Когда гром грянет, тогда она и перекрестится, а раньше-то зачем? Так ли уж многого она хочет – позволить себе несколько мгновений радости после двенадцати лет этого жалкого замужества?

Храбро глядя на Ника, хотя поджилки у нее и тряслись, Мэгги выдавила из себя улыбку.

– Предложение опоздало на двенадцать лет, но я его принимаю.

Его глаза сузились. Одним движением качнувшись от балки, Ник пересек разделявшее их расстояние. Рука, нежно коснувшись подбородка Мэгги, подняла его вверх, чтобы он мог видеть ее глаза. Какое-то время он внимательно и пристально изучал ее, словно старался прочесть ее мысли, постичь, что скрыто там, в этой головке. Его молчание и изучающий взгляд слегка испугали Мэгги, но она не попыталась высвободиться и даже бровью не повела, боясь выдать бушующую в ней бурю чувств. Напротив, легонько ухватив Ника за воротничок рубашки, Мэгги притянула его к себе.

– Я выйду за тебя, как только стану свободна, – пообещала она, приподнимаясь на цыпочки, чтобы запечатлеть на его устах нежный поцелуй. И это чистая правда, поспешила успокоить себя Мэгги. Она готова подписаться под каждым своим словом. Она выйдет за Ника замуж, выйдет с огромной радостью – но только  когда станет свободной, – если,  конечно, он сам не передумает.

Даже себе самой Мэгги не признавалась, насколько важны, учитывая все обстоятельства, эти короткие слова – только и если.

Осторожно ответив поцелуем на поцелуй, Ник отпустил ее, заметив:

– Надеюсь, ты понимаешь, что от этого камня лучше избавиться.

На мгновение Мэгги недоуменно застыла, затем, проследив за его взглядом, все поняла: Ник не сводил глаз с огромного бриллианта, украшавшего подаренное ей Лайлом кольцо.

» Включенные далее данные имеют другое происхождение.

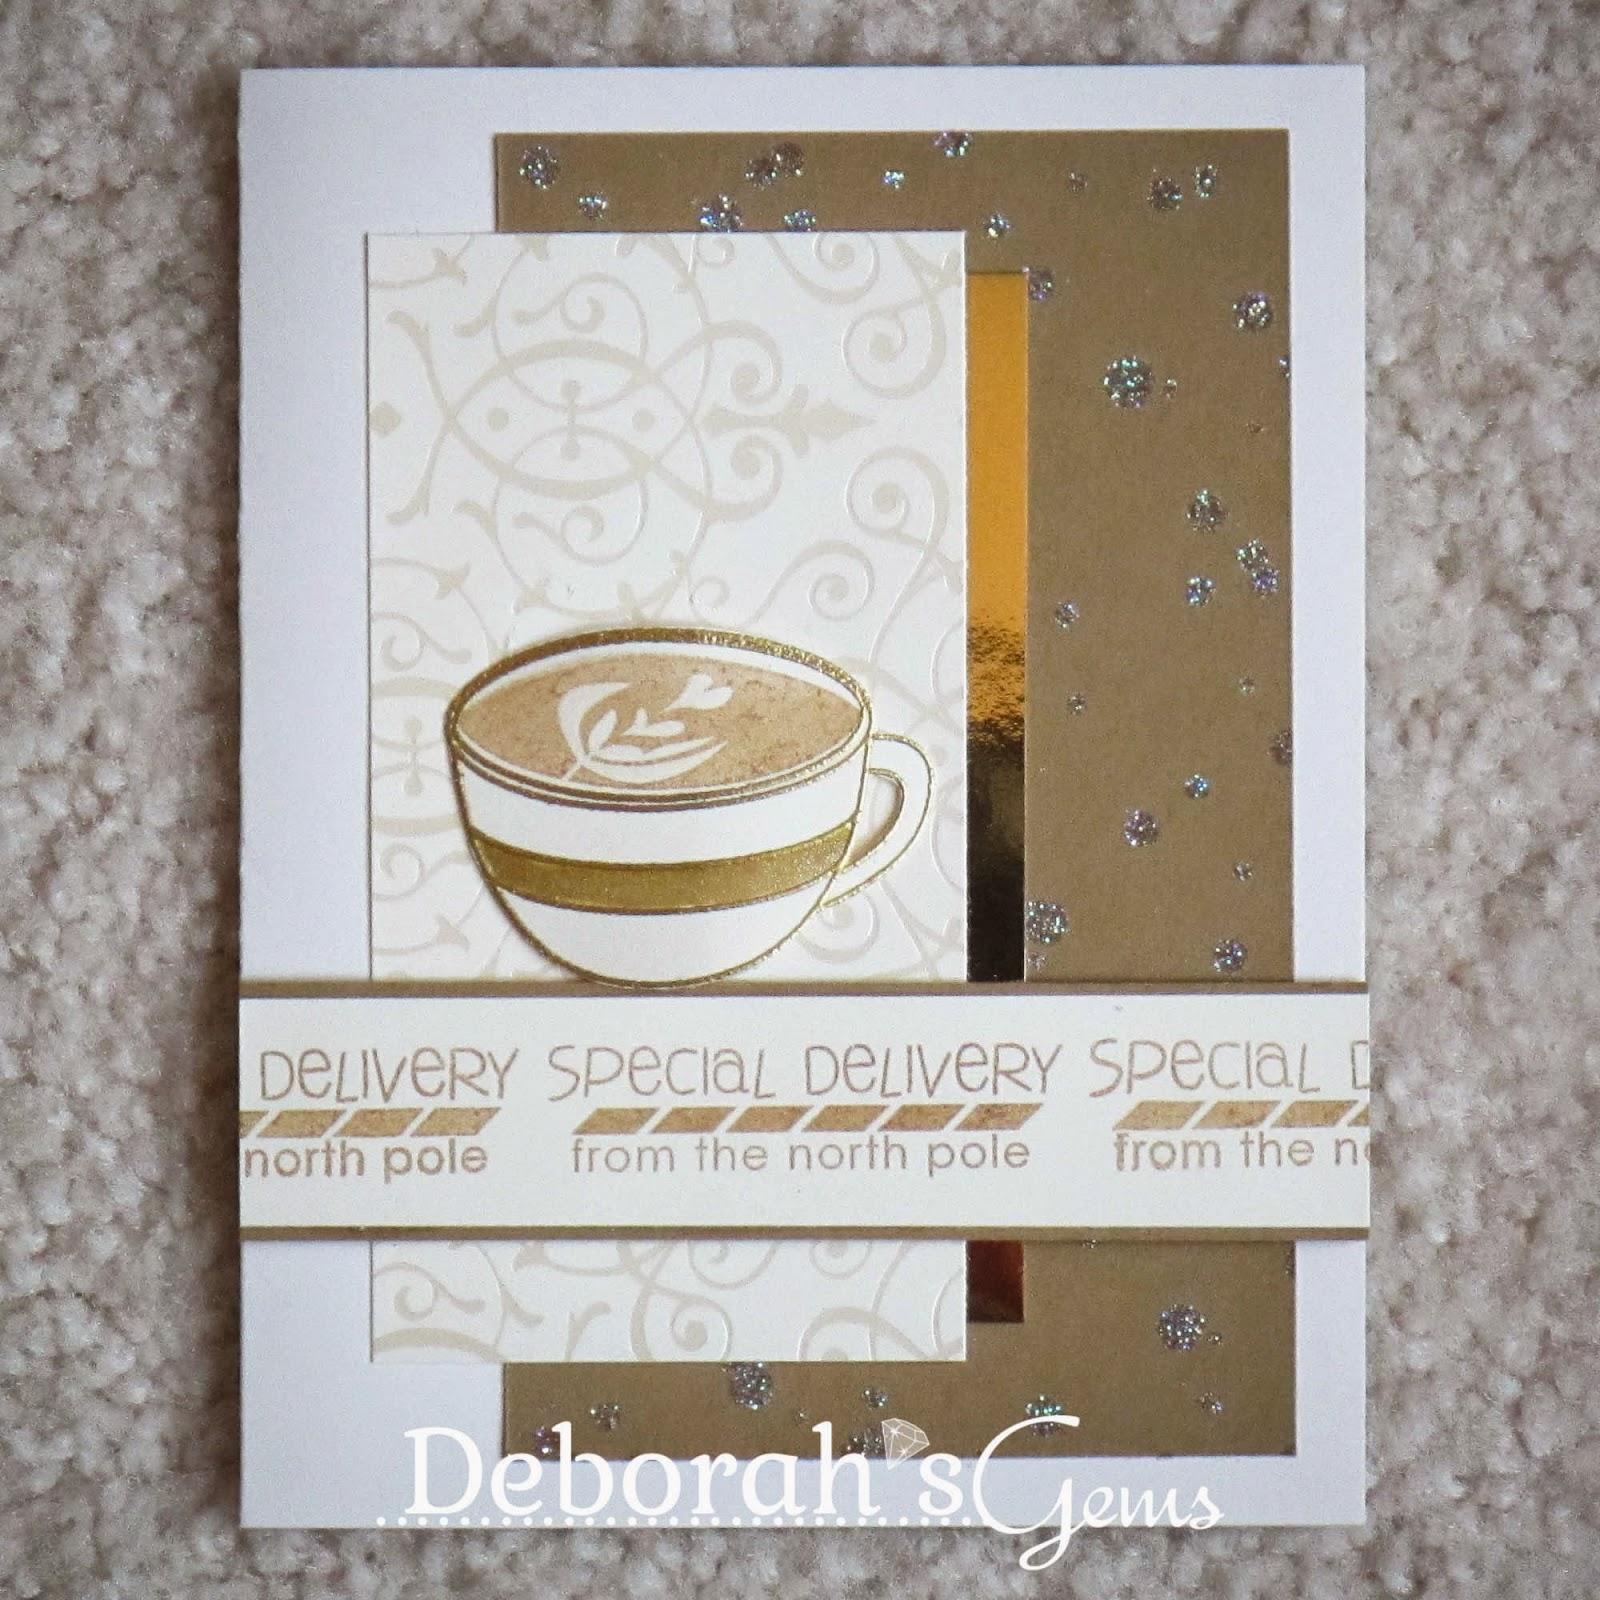 Special Delivery sq - photo by Deborah Frings - Deborah's Gems

Своего рода знак могущества мужа, его власти над ней, гордо сверкавший в сумраке чердака. Она настолько привыкла к кольцу, что даже и думать о нем забыла.

– Но мы всегда можем его заложить, – предположила Мэгги со слабой надеждой, и тут же поняла всю ее тщетность. Когда-то заклад был для них единственной возможностью выжить. Как правило, хотя и не всегда, заложенную вещь удавалось выцарапать обратно – пусть в самый последний момент, за несколько мгновений до того, как она была бы безвозвратно потеряна.

Ник опять улыбнулся, с сомнением покачав головой.

– Не очень-то надежно. Ты можешь и передумать.

– А-ах, так тебе чего-нибудь ненадежнее? – В голове Мэгги зрела идея. – Сейчас получишь.

Мэгги стянула с пальца вместе с бриллиантовым кольцом обручальное и, захватив пригоршню сена, принялась накручивать на тонкие золотые кольца соломинки. Затем, полюбовавшись результатом, добавила еще немного соломы, чтобы прикрыть бриллиант полностью, и подошла к краю чердака.

– Смотри, – сказала она, делая Нику знак рукой. Он нахмурился, явно заинтригованный, и, послушно подойдя к Мэгги, стал рядом, вглядываясь вместе с ней в коровьи головы.

– Э-эй, коровки, сюда, – позвала Мэгги и, когда несколько пар сонных глаз – в том числе и того чудища, что проглотило сено прямо на лету, – уставились на нее, бросила вниз пучок соломы, таивший в себе ее сокровища.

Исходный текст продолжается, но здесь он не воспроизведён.